Dans « l’état métaphysique », courant de la Renaissance à la Révolution française, les savants
commencèrent à expliquer rationnellement les causes des phénomènes de la nature (essor de
l’astronomie, de la physique et de la chimie). Les agents surnaturels sont remplacés par des
forces abstraites comme la « Nature ». Lentement, à partir du XVIII siècle, une nouvelle
classe, la bourgeoisie industrielle, tend à se substituer à l’aristocratie guerrière. L’état
métaphysique apparaît donc comme une période transitoire du point de vue social.
Enfin, « l’état positif » correspond à une organisation sociale basée sur l’industrie et qui fait
de la production l’activité centrale de la société. A partir du XIX siècle, les scientifiques
formuleront, par un usage combiné du raisonnement et de l’observation, des « lois » sur
l’ensemble des phénomènes. Après l’apparition des sciences appliquées au XVIII et XIX
siècle (physique, chimie, physiologie), une nouvelle science, la « physique sociale » aura
vocation à expliquer le fonctionnement de la société. Auguste Comte a la prescience que, dans
cet « état positif », les scientifiques joueront un rôle essentiel.
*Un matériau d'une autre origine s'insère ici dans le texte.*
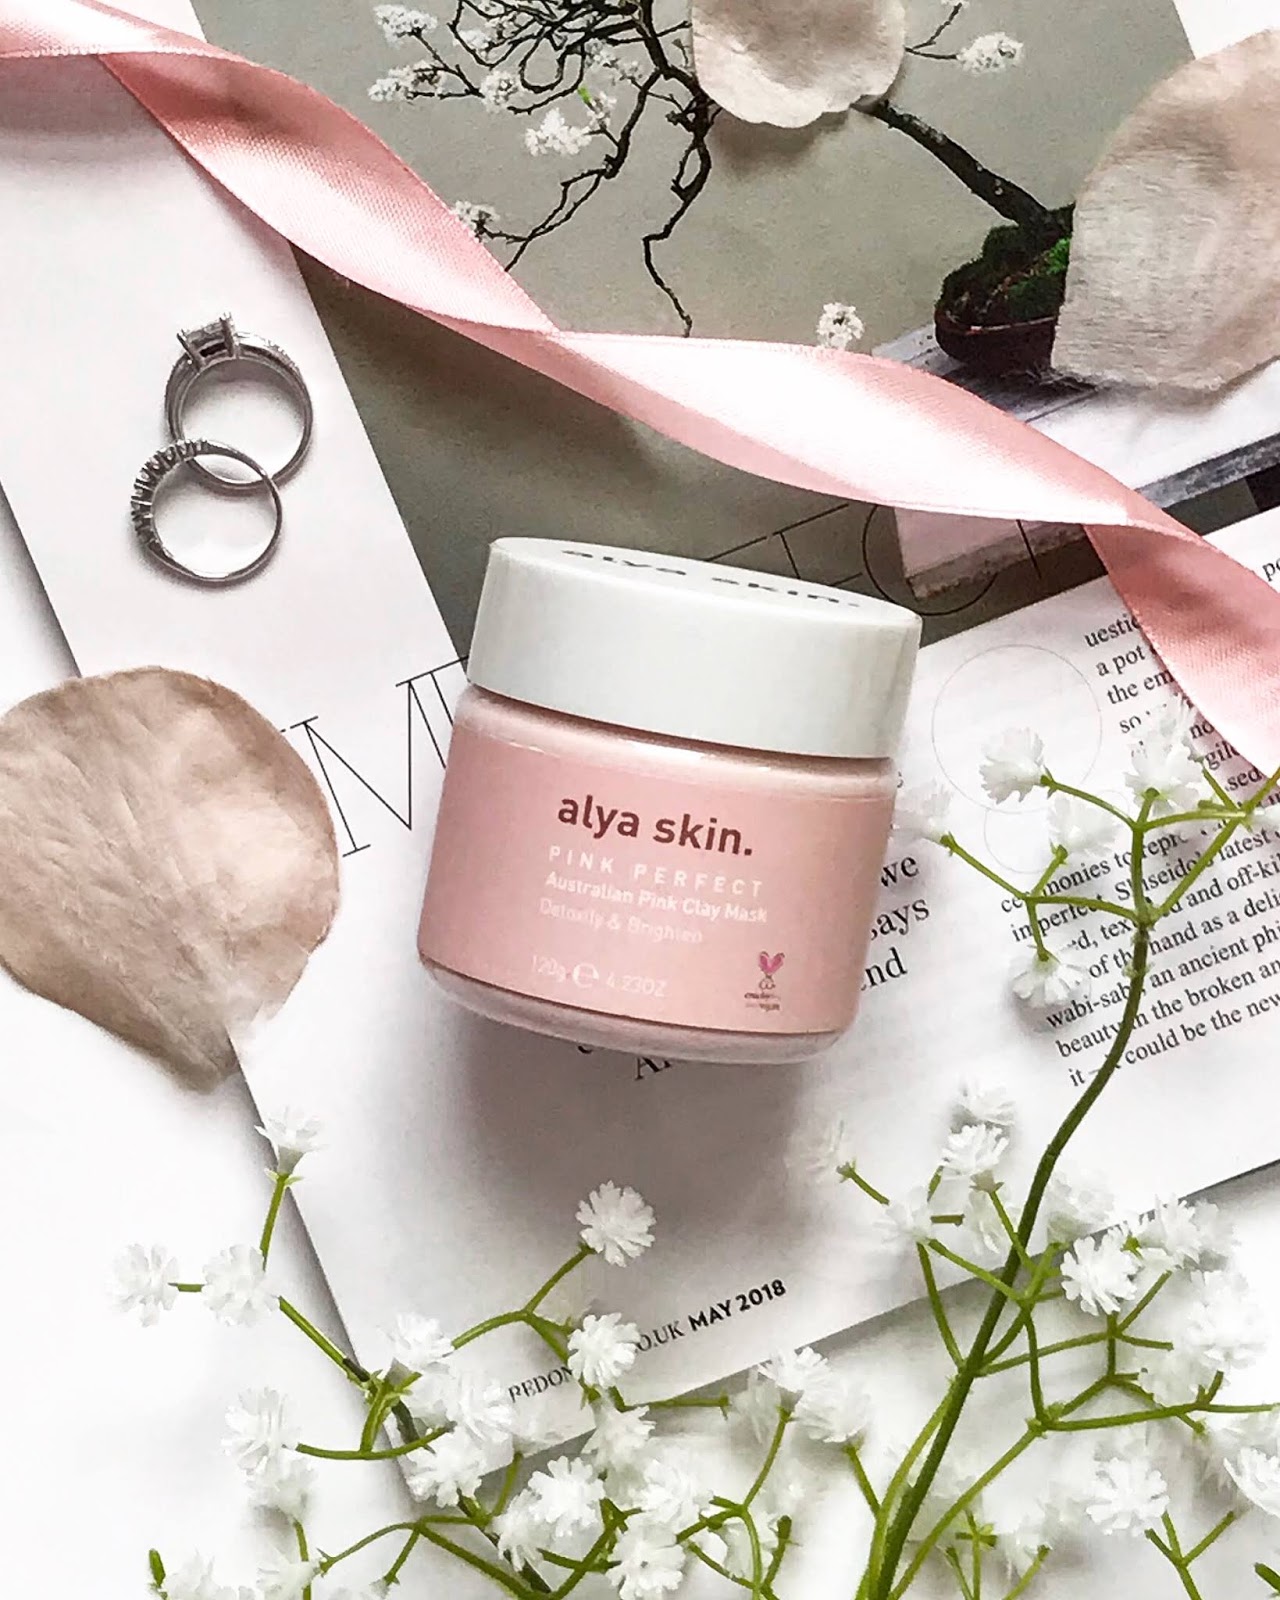 alya skin pink perfect clay mask review blog post

Il parle même de « sociocratie »
car il pense que les sociologues, par leurs connaissances particulières sur la société, seront
amenés à diriger les Etats.
- La loi des trois états se place dans le cadre d’une philosophie de l’histoire, dans laquelle
l’Humanité progresse en passant par des étapes successives menant à la connaissance
scientifique. Il s’agit donc d’un évolutionnisme. Mais ajoutons tout de suite que les pays, les
civilisations, progressent à des vitesses différentes sur le long chemin qui mène au savoir
scientifique défini par la loi des trois états. Selon la logique évolutionniste de Comte, certains
pays aujourd’hui, comme l’Afghanistan ou la Somalie, en sont toujours à l’âge théologique,
alors que d’autres, comme la France, en sont déjà à l’âge du positivisme. Ces pays à l’âge
théologique ont toujours des sociétés dominées par une aristocratie guerrière violente, qui
reste animée par une foi religieuse déconcertante pour un esprit rationnel. Par un effet de
miroir, un Européen de 2013 peut voir, dans ces pays « en retard », le passé de sa propre
civilisation. Il y a là un effet « rétroviseur » assez étrange, qui peut susciter une certaine
nostalgie dans le cœur d’un Occidental. La nouveauté de la situation contemporaine réside
dans le fait que la révolution des transports et des nouvelles technologies de l’information
mettent face-à-face des civilisations qui n’ont pas évoluées à la même vitesse. L’Esprit d’un
peuple – c’est-à-dire l’addition des psychologies individuelles d’un peuple - évolue très
lentement, à la vitesse du siècle, alors que les images circulent très rapidement sur les écrans,
en une simple seconde. Cette proximité géographique dans l’écart temporel, accompagnée par
la diffusion de l’armement moderne à l’échelle planétaire, nous réserve sans doute bien des
surprises.
- A partir de la 47ème leçon de son cours de philosophie positive, Auguste Comte remplace
l’expression « physique sociale » par « sociologie ». Il est l’inventeur de cette terminologie.
Pour Comte, la sociologie, science nouvelle expliquant scientifiquement le fonctionnement
des sociétés, s’inscrit dans un projet politique moderniste associant l’ordre et le progrès.
Comte condamne la Révolution française pour sa violence, mais il est favorable à l’idée de
progrès qu’elle suppose (scientifique, économique, social et politique).
- Auguste Comte eut une vie matérielle très difficile et des déboires sentimentaux
pittoresques (ex : son amour platonique pour Clotilde de Vaux et son mariage philanthropique
avec une prostituée). A la fin de sa vie, Auguste Comte fut traumatisé par la mort de Clotilde
de Vaux. Sa pensée sombra alors dans un délire religieux. Il voulut créer une nouvelle
religion, le positivisme, dont Clotilde eût été la prêtresse.
- Auguste Comte fut rejeté de son vivant par les grandes institutions culturelles comme
l’Université ou l’école polytechnique. Il réussit tout de même à regrouper autour de sa
personnalité originale des admirateurs talentueux (ex : Emile Littré), qui, après sa mort,
formèrent un groupe très influent intellectuellement. Cela explique pourquoi on peut voir
aujourd’hui – ironie de l’Histoire - le buste d’Auguste Comte, place de la Sorbonne, à Paris.